Vassar's niece, Lydia Booth, a teacher who ran the "Cottage Hill Seminary" out of a building Vassar owned on Garden Street, encouraged him to establish a women's college in Poughkeepsie. In January 1861, the New York Legislature passed an act to incorporate Vassar College, one of the first women's colleges in the U.S. On 26 February 1861, at the Hotel Gregory in Poughkeepsie, Matthew Vassar presented the college's Board of Trustees with a tin box containing half of his fortune, $408,000 (approximately $9,700,000 in 2008 dollars) and a deed of conveyance for 200 acre of land to establish the campus. In 1864, Vassar purchased the art collection of Elias Lyman Magoon, a noted collector of Hudson River School paintings. Vassar's diary entry for June 16, 1865 states, "Sick and tired of College business, no one to help me Except "Scow", Doct Raymond and Swan." In a bill enacted on 15 July 1870, the U.S. Congress waived any tax claim(s) to the donation to the college.

===USS Matthew Vassar===
The USS Matthew Vassar was a wooden centerboard schooner. It was purchased by the U.S. Navy in New York in September 1861 and commissioned in January 1862. The ship was assigned to a Mortar Flotilla guarding the approaches to New Orleans. In November 1864, it was assigned to the East Coast Blockading Squadron. After the war the ship was decommissioned and sold at auction.
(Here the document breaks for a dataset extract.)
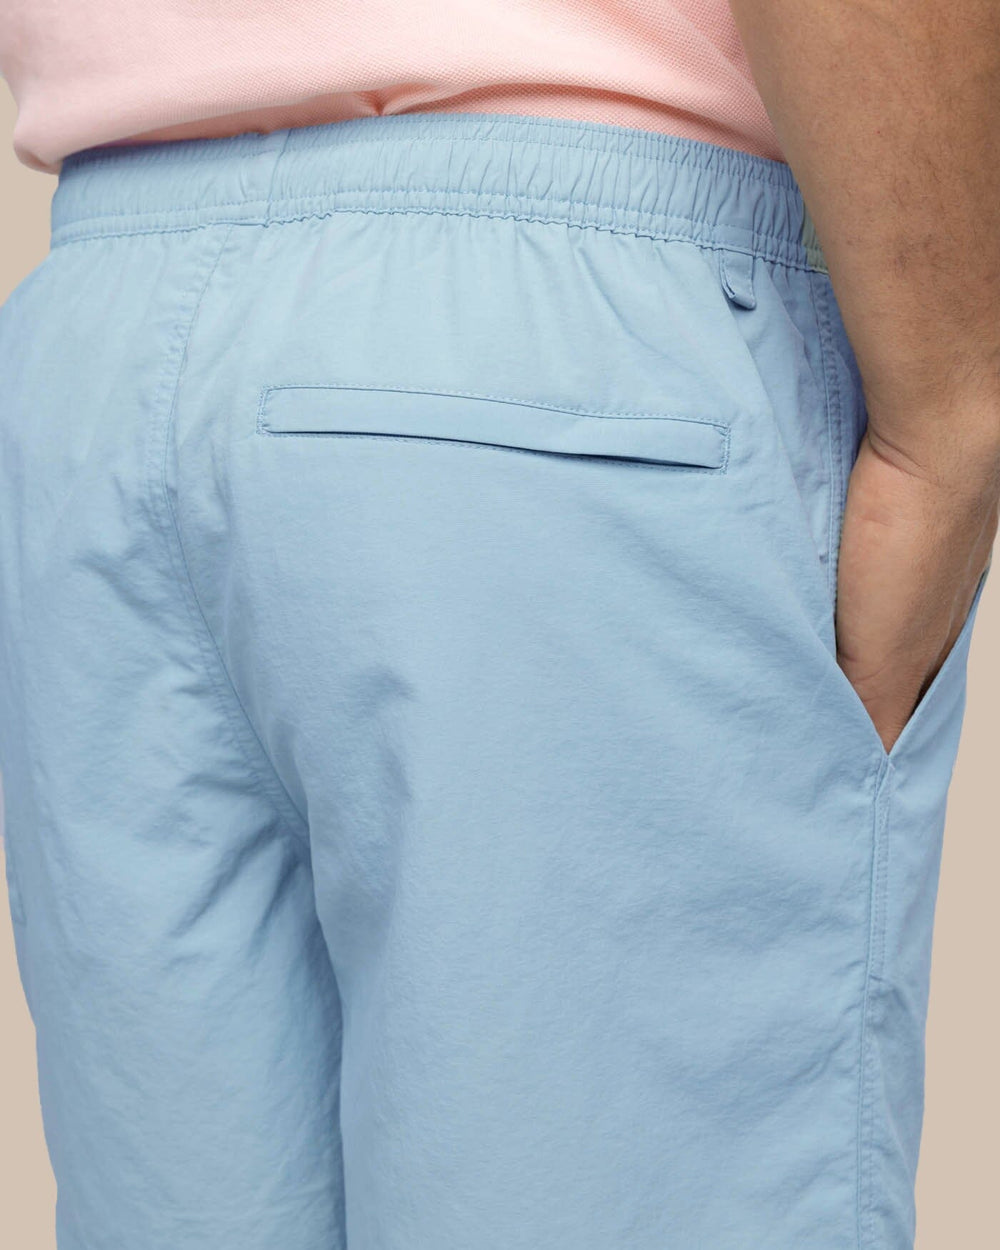 The detail view of the Southern Tide Shoreline 6 Nylon Short by Southern Tide - Windward Blue

===Vassar Home for Aged Men===

In 1880, Matthew Vassar's nephews, John Guy Vassar and Matthew Vassar Jr., converted the site of their uncle's mansion at 9 Vassar Street into the Vassar Home for Aged Men. It remained a senior citizen's home through much of the 20th century. The Vassar Home was added to the NRHP in 1972.

===Vassar Institute===

In 1882, Vassar's nephews converted the site of the old brewery at 12 Vassar Street into the Vassar Institute. The first floor contained a natural history museum and the second a library, as well as offices for the Poughkeepsie Literary Society and Poughkeepsie Society of Natural Sciences. Vassar Institute was added to the NRHP in 1972.

===Vassar Hospital===

Vassar Brothers Hospital was endowed by John Guy Vassar and Matthew Vassar Jr., sons of Mathew Vassar's deceased elder brother, whom he helped to prosperity by bringing them into his thriving brewing business.

==Sources==
- Gregg Smith, Beer in America: The Early Years—1587-1840 (Boulder, CO: Siris Books, 1998)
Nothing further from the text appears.